Technological Adoption is one of the principal drivers of competition. It plays a major role in structural changes of industries as well as in creating new industries (Porter, 1985; Berry & Taggart, 1994; Smith & Sharif, 2007; Turchin et al., 2021). The future world can be said the world of machines that work as intelligently as to replicate the behavior of human mind which can be considered as the artificial intelligence. Artificial intelligence in the last two decades has greatly improved performance of the manufacturing and service systems (Yadav & Yadav, 2018).
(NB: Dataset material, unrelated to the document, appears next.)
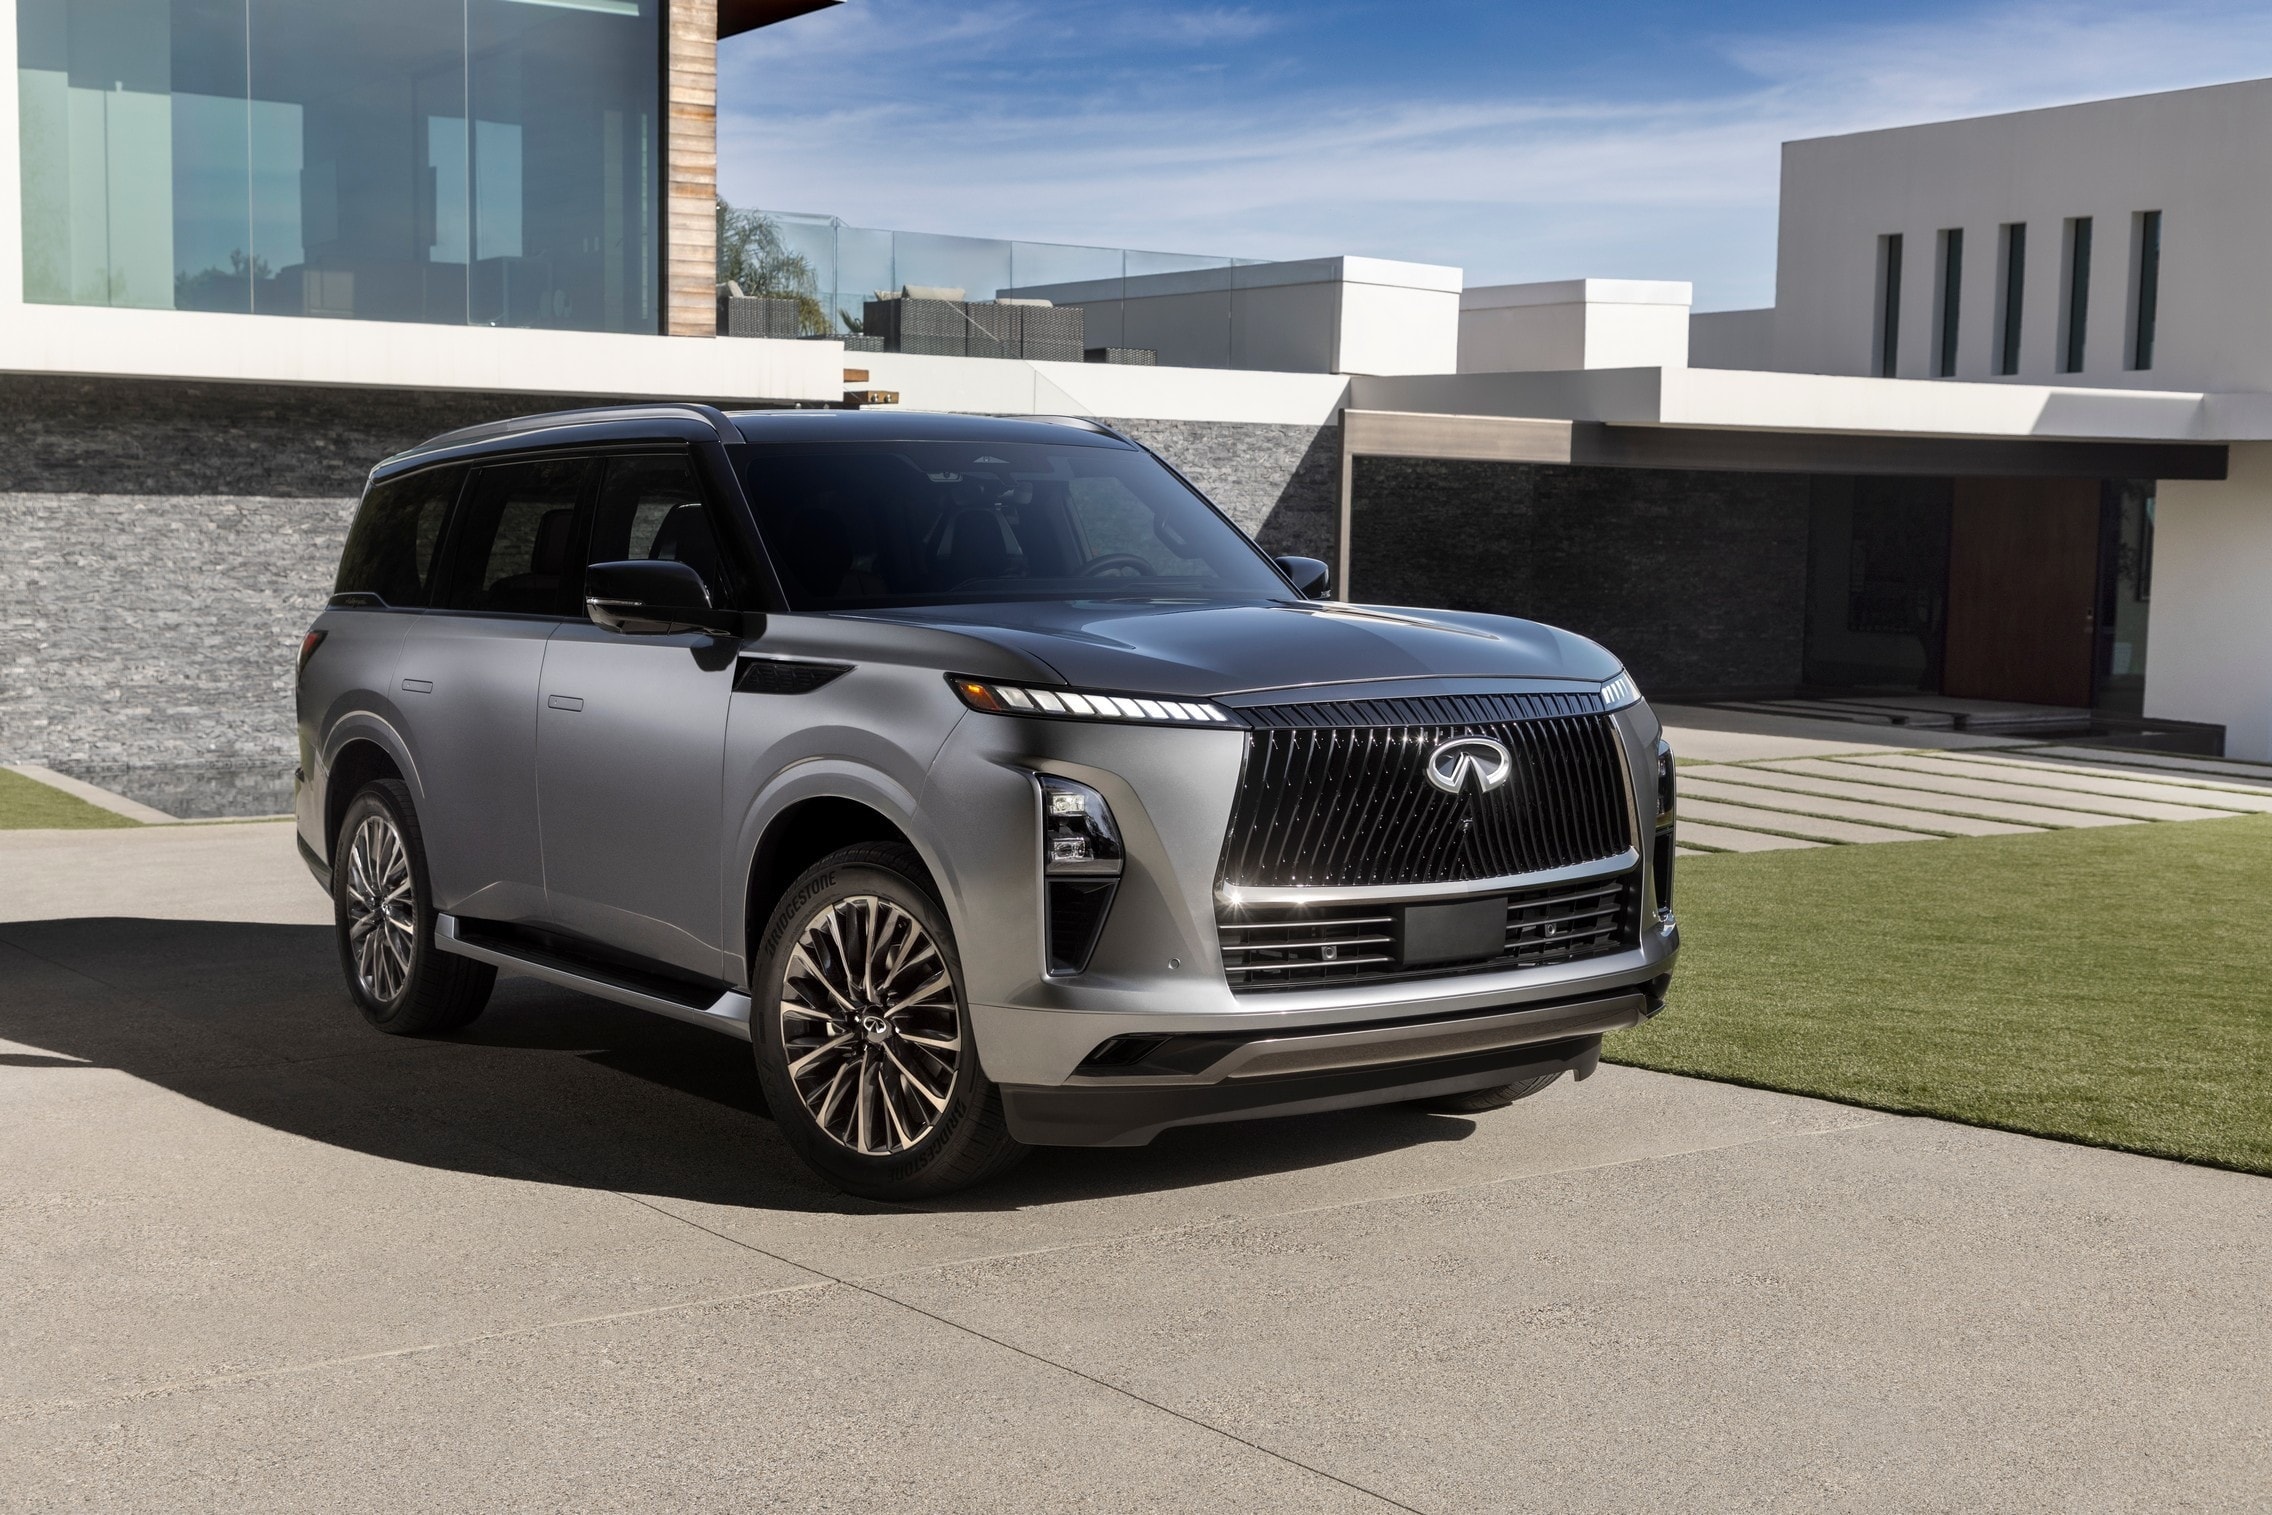 2025 Infiniti QX80 Redefining Luxury SUVs with Refreshed Design and Power

Artificial Intelligence (AI) is today’s demand all over the globe as the global business and industrial competitiveness has reached the highly defined forms of Automation and Robotics (Goel & Gupta, 2020). It is the weapon of 21st century’s market to create high-tech competitive edge which has immense use of computerized knowledge analytics, particularly for information management and the industrial sector (Xu, Wei, & Fan, 2002). As McKendrick (2021) during Pandemic in US based companies AI Adoption Skyrocketed in over the last 18 months.

With the development of internet and mobile technologies, electronics, nanotechnology, adoption of AI are now speeding up (Dirican, 2015). During the last few decades, companies have reengineered business processes on the back of digital data and computer networks (Goel & Chen, 2008). Artificial Intelligence is a tool that will increase access to cheaper and more efficient services (Semmler & Rose, 2017). So nowadays, small and medium enterprises (SMEs) are incrementally using e-business tools for competing in an extremely hostile market and gain the global access (Chatzoglou & Chatzoudes, 2014). Recently, there has been a remarkable increase in the adoption of AI technology in organizations as new forms of work have increased substantially (Alsheibani et al., 2019).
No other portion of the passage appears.